▸ WHAT YOU NEED TO DO
Repeat the listing below verbatim, without its images.

▸ DATASET CONTENT
※ ※ ※

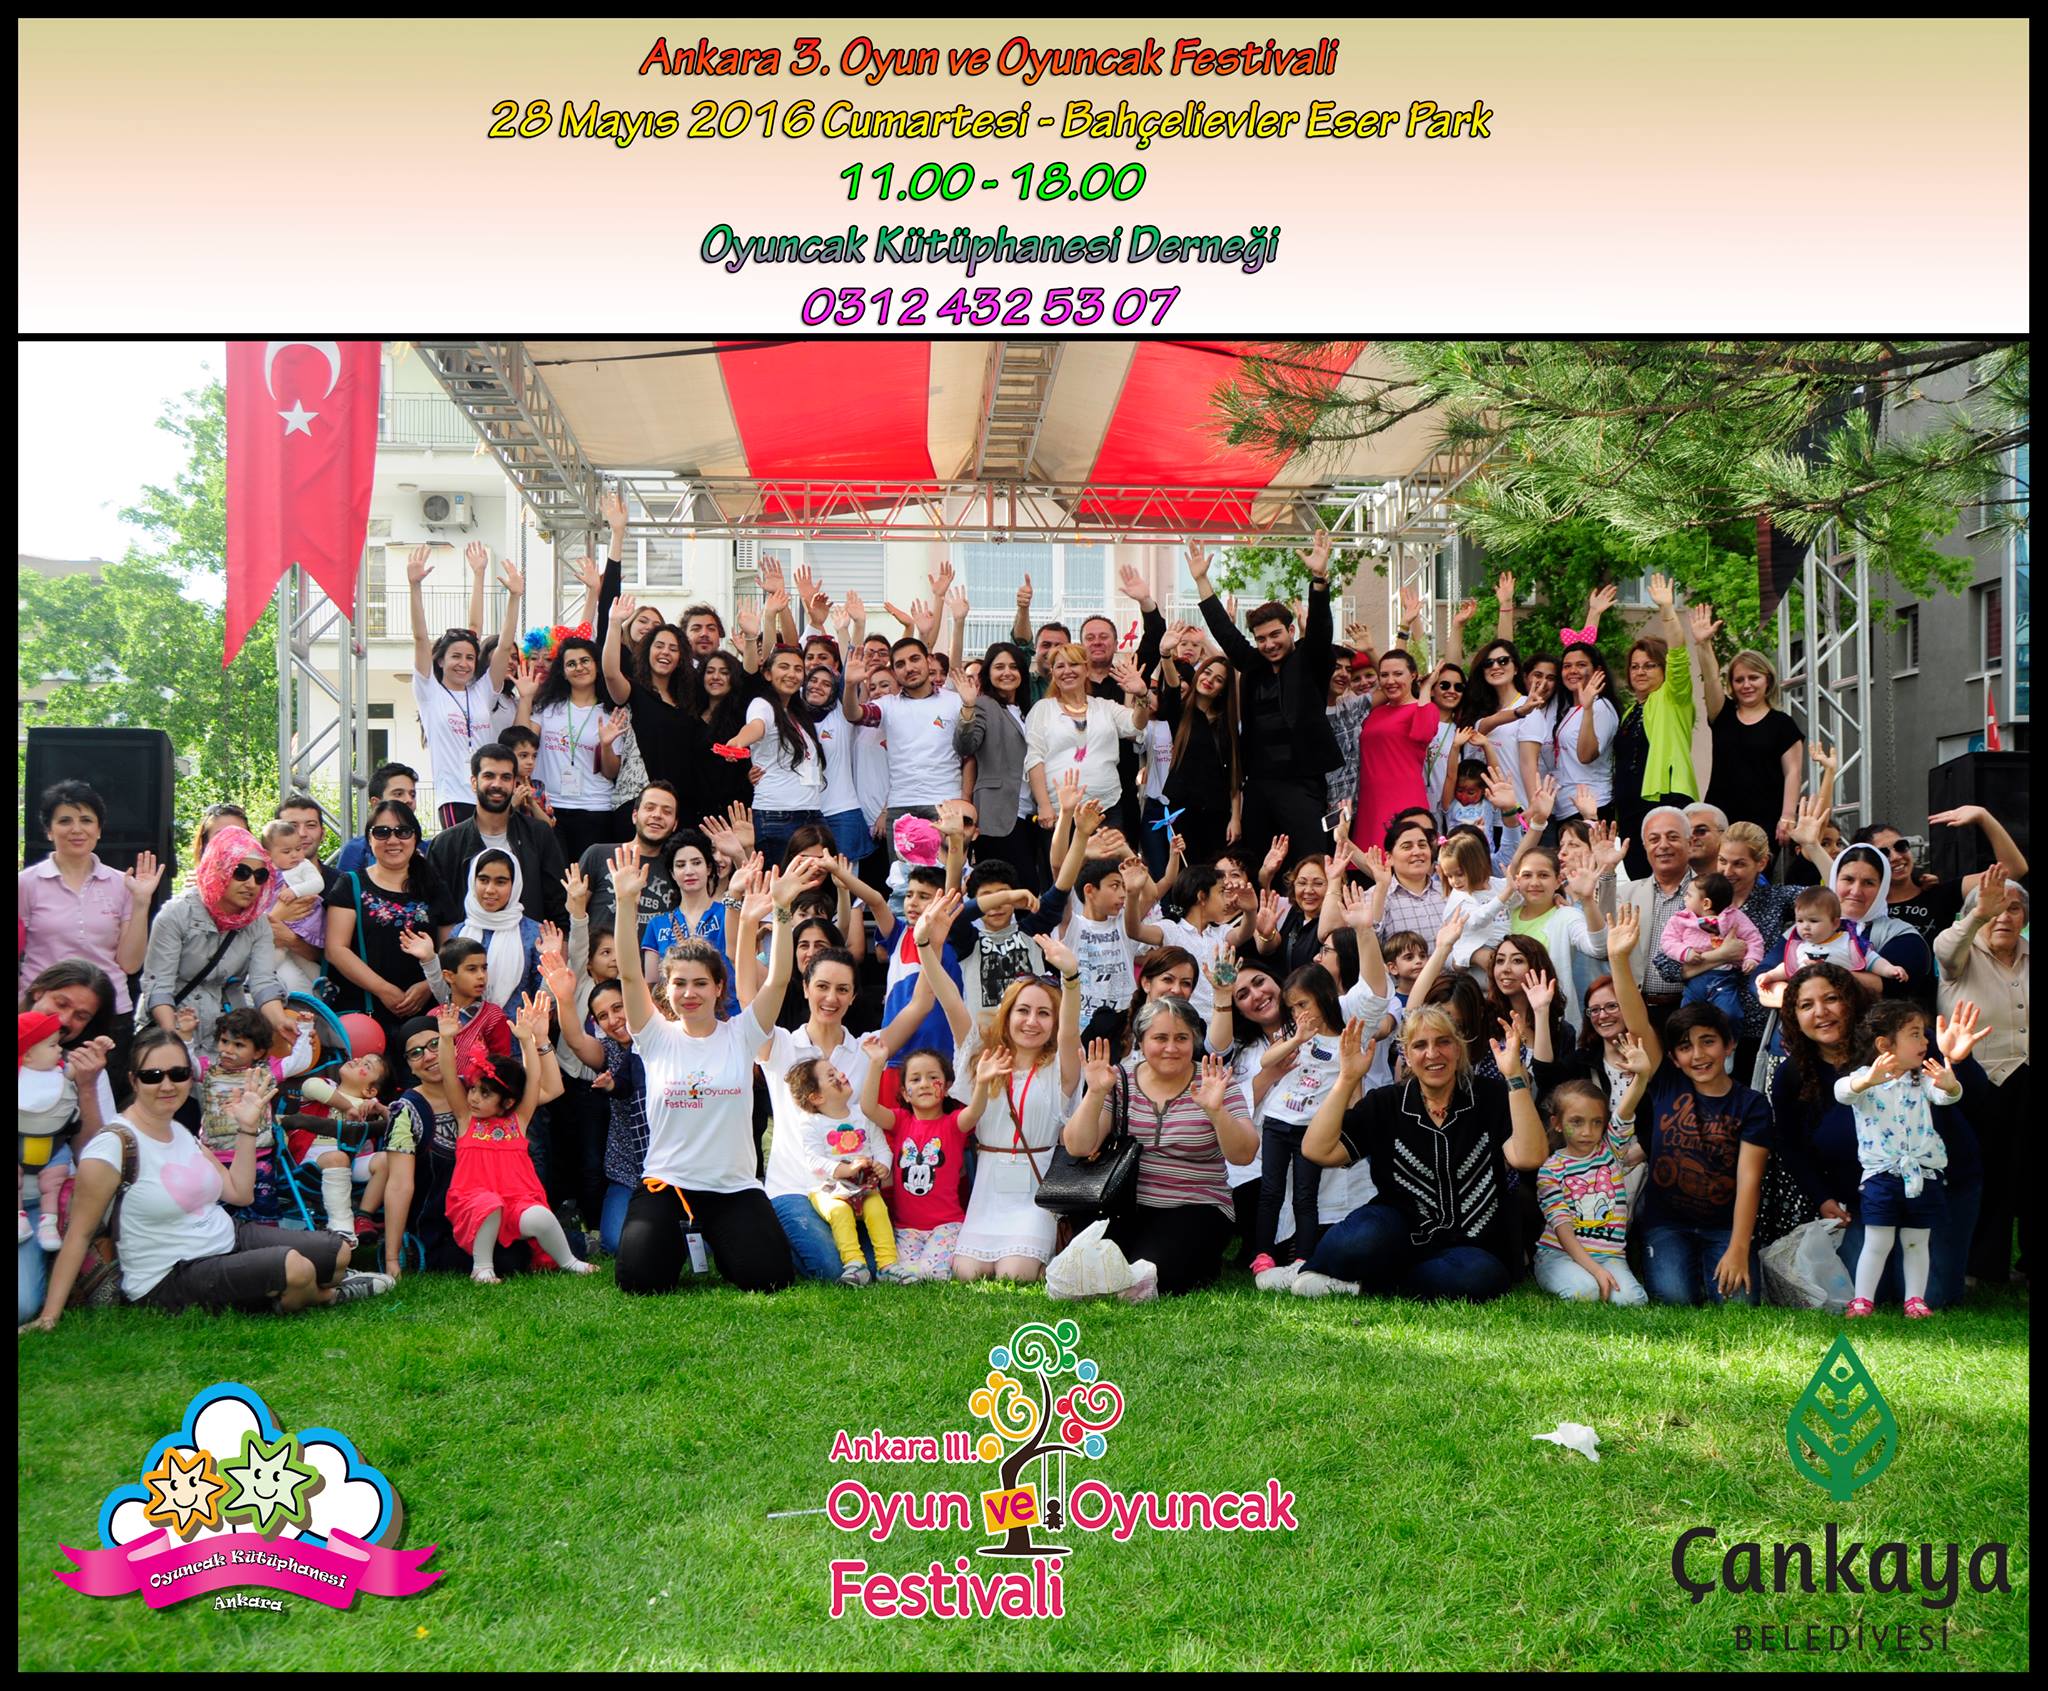 x 3. Ankara Oyun ve Oyuncak Festivali (28 Mayıs) - Mayıs 2016 17:39
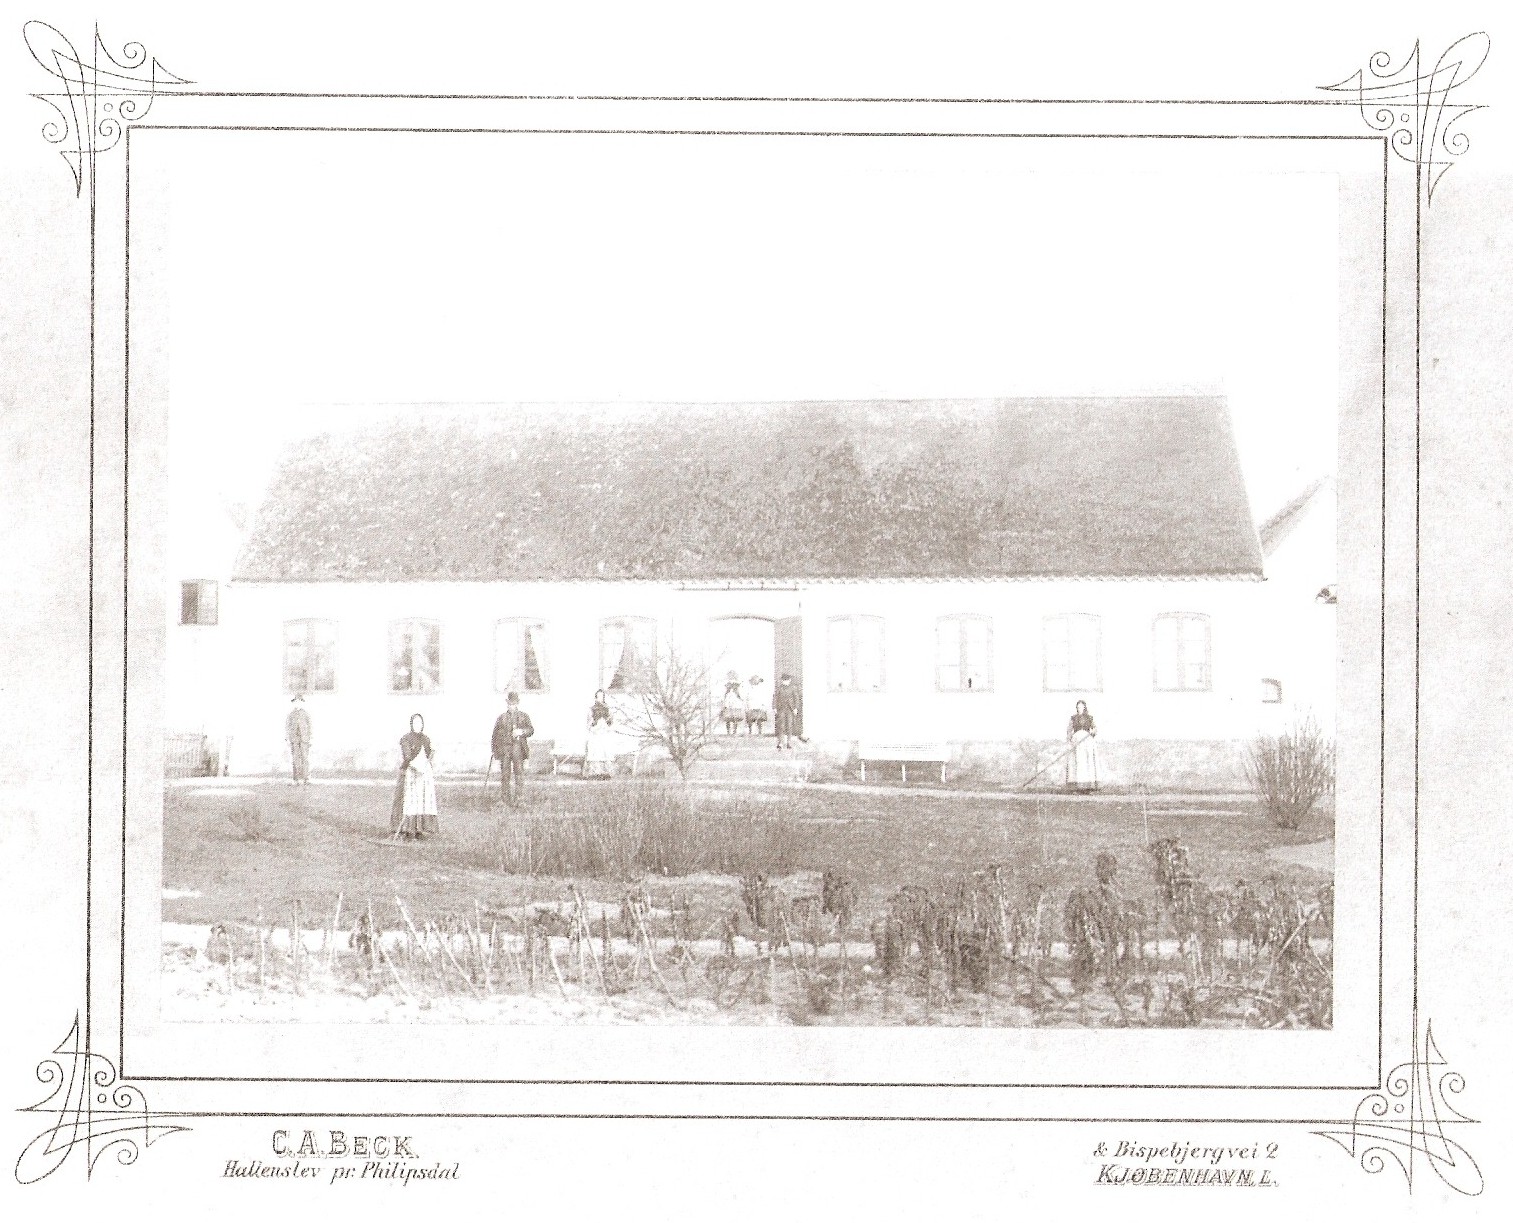 Svinningegården - ca. 1885 (B7102)
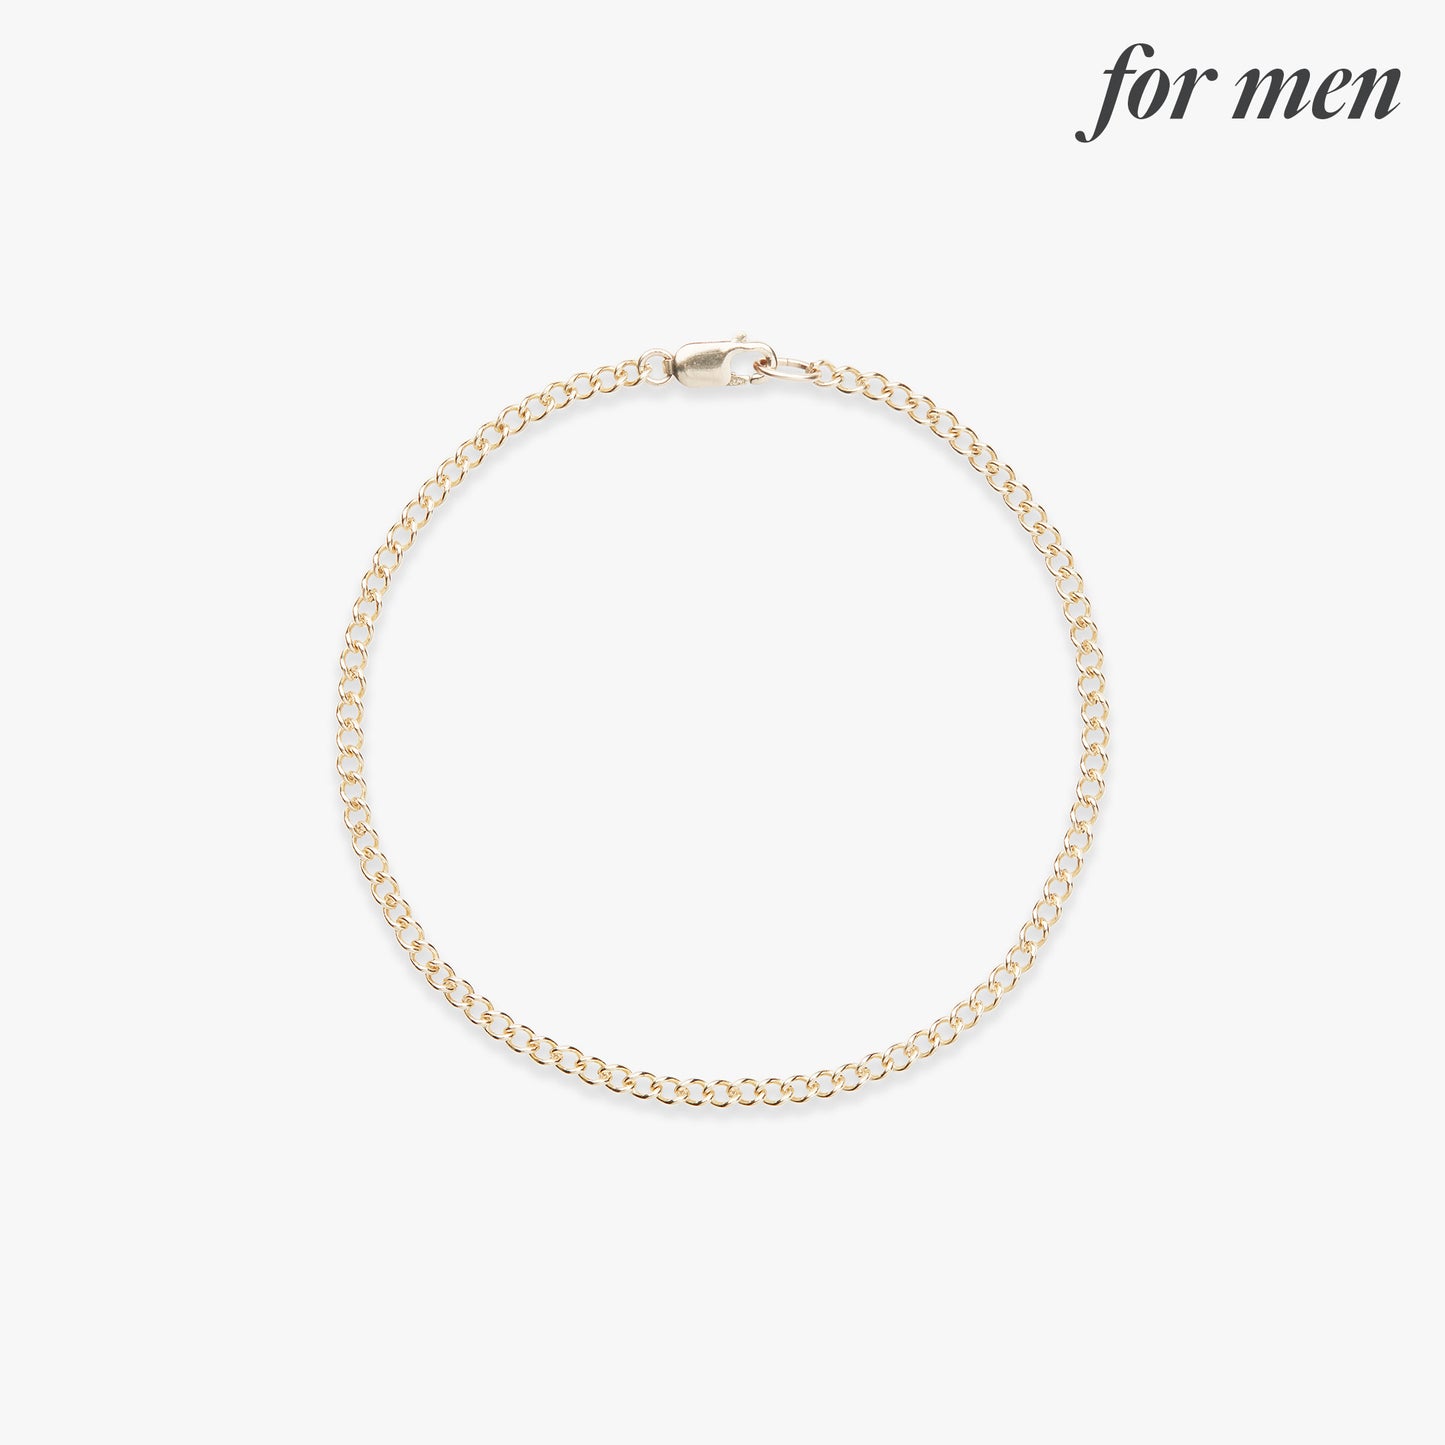 Large curb bracelet gold filled for men

※ ※ ※

▸ EXERCISE RESULT
 x 3. Ankara Oyun ve Oyuncak Festivali (28 Mayıs) - Mayıs 2016 17:39
 Svinningegården - ca. 1885 (B7102)
 Large curb bracelet gold filled for men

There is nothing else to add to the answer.